Le pape François vient de publier une encyclique nous invitant à « une révolution culturelle» en changeant radicalement notre rapport au monde (cf. LL du 19 juin). La Terre est notre bien commun, nous l’avons reçue en héritage et nous n’avons pas le droit de la confisquer pour notre profit immédiat car nous sommes en sommes responsables envers les générations futures. Nous voici tous embarqués sur le même navire, notre « maison commune », que nous sommes en train de détruire par nos moyens techniques au service de nos appétits démesurés. Le bateau coule et nous avec. D’où l’urgence d’une prise de conscience, d’une « conversion écologique » débouchant sur des comportements concrets. « Tout est lié » répète à maintes reprises le pape. Toutes les créatures sont interdépendantes : cet arbre, cette fleur ou cette abeille sont nos frères et sœurs. En provoquant l’extinction de certaines espèces, c’est notre propre disparition que nous programmons. « Un crime contre la nature est un crime contre nous-mêmes » souligne l’encyclique.

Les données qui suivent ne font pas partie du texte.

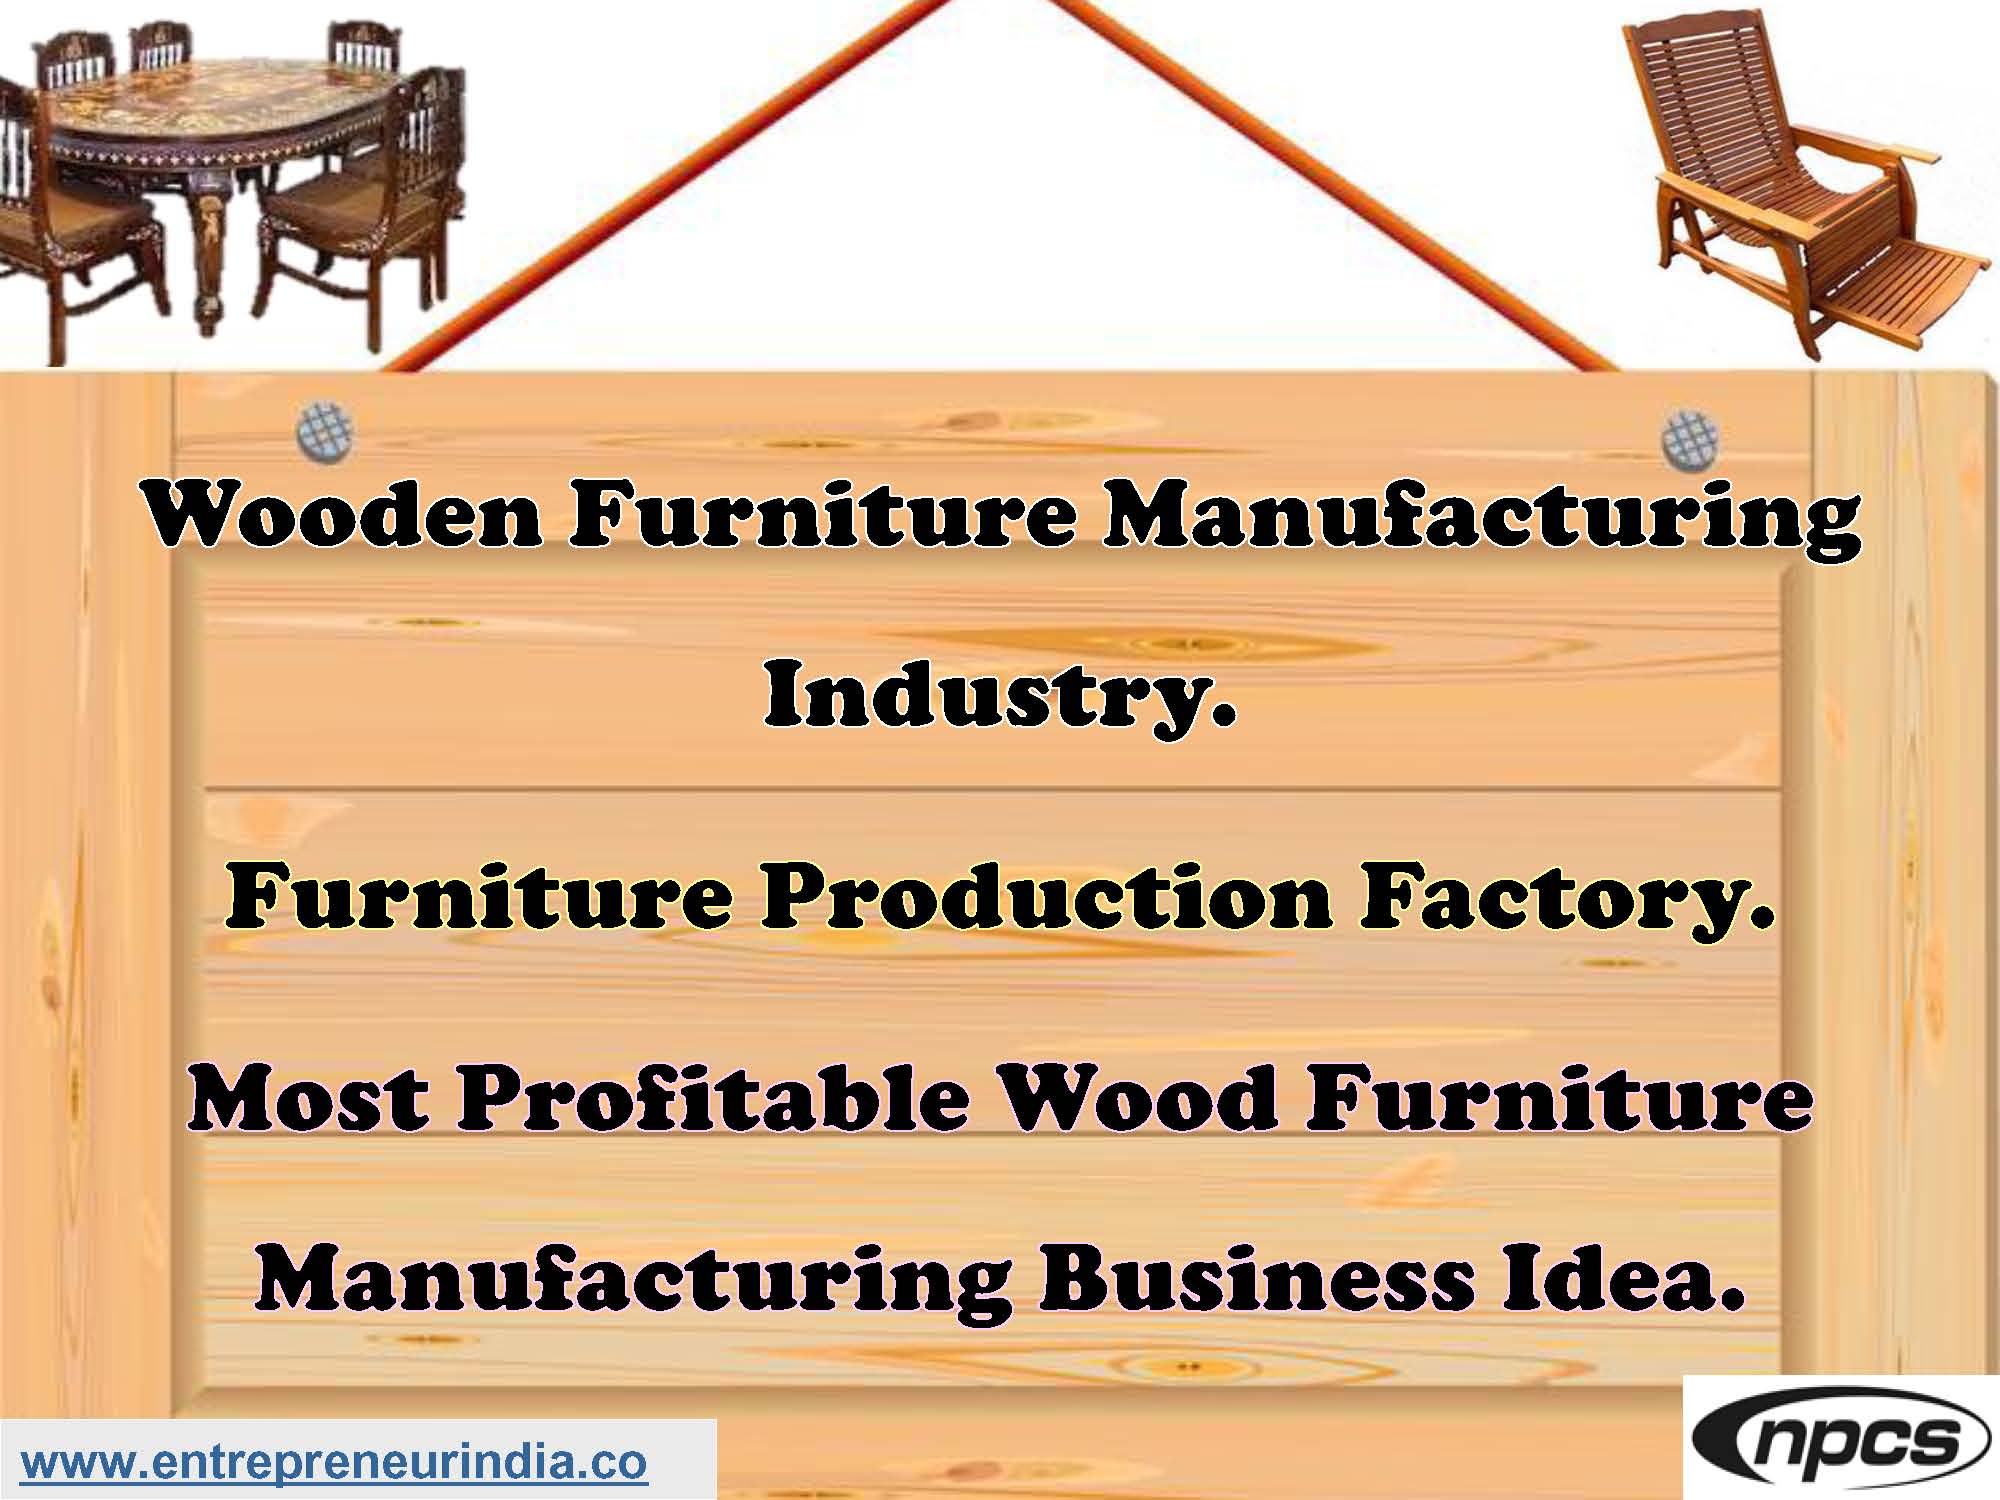 Wooden Furniture Manufacturing Industry

La Terre n’appartient pas à l’homme. Il ne l’a pas créée mais l’a reçue en héritage. De qui ? Des générations qui l’ont précédé mais aussi de plus loin dans le temps puisque la Planète bleue existait bien avant l’humanité. De plus loin mais aussi de plus haut si l’on croit en un Dieu créateur et, comme Einstein, en une Intelligence gouvernant le monde. Cependant, que l’on soit croyant ou non, il n’en demeure pas moins que « la Terre est un héritage commun dont les fruits doivent bénéficier à tous », insiste François. L’homme ne peut prétendre la posséder pour l’exploiter à outrance selon son bon plaisir. Le monde lui a été confié, il en est le gardien, « l’administrateur responsable » dit le pape, notamment vis-à-vis de ses descendant pour que la vie se perpétue de façon décente. Plusieurs traditions religieuses, dont l’islam et le judaïsme, présentent l’être humain comme l’intendant de Dieu sur la terre. Cette conception de l’homme rejoint celle d’Emmanuel Levinas : « Il importe à l’homme, écrit-il, de savoir que Dieu créa la Terre. Car sans le savoir, il ne possédera que par usurpation. » Et d’ajouter cette vérité que tout capitaliste devrait méditer et se répéter comme un mantra : « Posséder, c’est toujours recevoir. »
L’encyclique dénonce avec force la privatisation des ressources naturelles transformées en marchandises rentables. L’eau ou les forêts font partie du patrimoine de l’humanité et « l’intérêt économique ne doit jamais prévaloir sur le bien commun. » François relativise l’importance de la propriété privée. Sans aller jusqu’à dire avec Proudhon que « la propriété, c’est le vol », le Pape énonce cette Règle d’or : « La subordination de la propriété privée à la destination universelle des biens. » Il l’explicite ainsi : « Celui qui s’approprie quelque chose, c’est seulement pour l’administrer en vue du bien de tous. » La terre que je possède n’est pas ma chose : je n’en suis que le dépositaire, je l’ai reçue, je suis censé la préserver et je la transmettrai. Nous voici aux antipodes de l’idéologie prédatrice de notre système néolibéral privilégiant la concurrence féroce entre individus.
« Le bien commun inclut les générations futures » poursuit l’encyclique. L’homme a le devoir de léguer l’héritage de la Terre à ses descendants. Actuellement, il n’en prend guère le chemin. La satisfaction des pulsions immédiates et les technologies à sa disposition le poussent à dilapider l’héritage en consommant outrancièrement au risque d’interrompre le flux de la vie par un barrage d’égoïsmes agglomérés. Le philosophe Hans Jonas énonce le nouvel impératif de notre époque qu’il nomme principe de responsabilité : « Agis de façon que les effets de ton acte soient compatibles avec la permanence d’une vie authentiquement humaine sur terre en incluant dans ton choix l’intégrité future de l’homme. » Le pape François, Levinas, Jonas : les trois nous invitent à l’adoption d’un nouveau paradigme.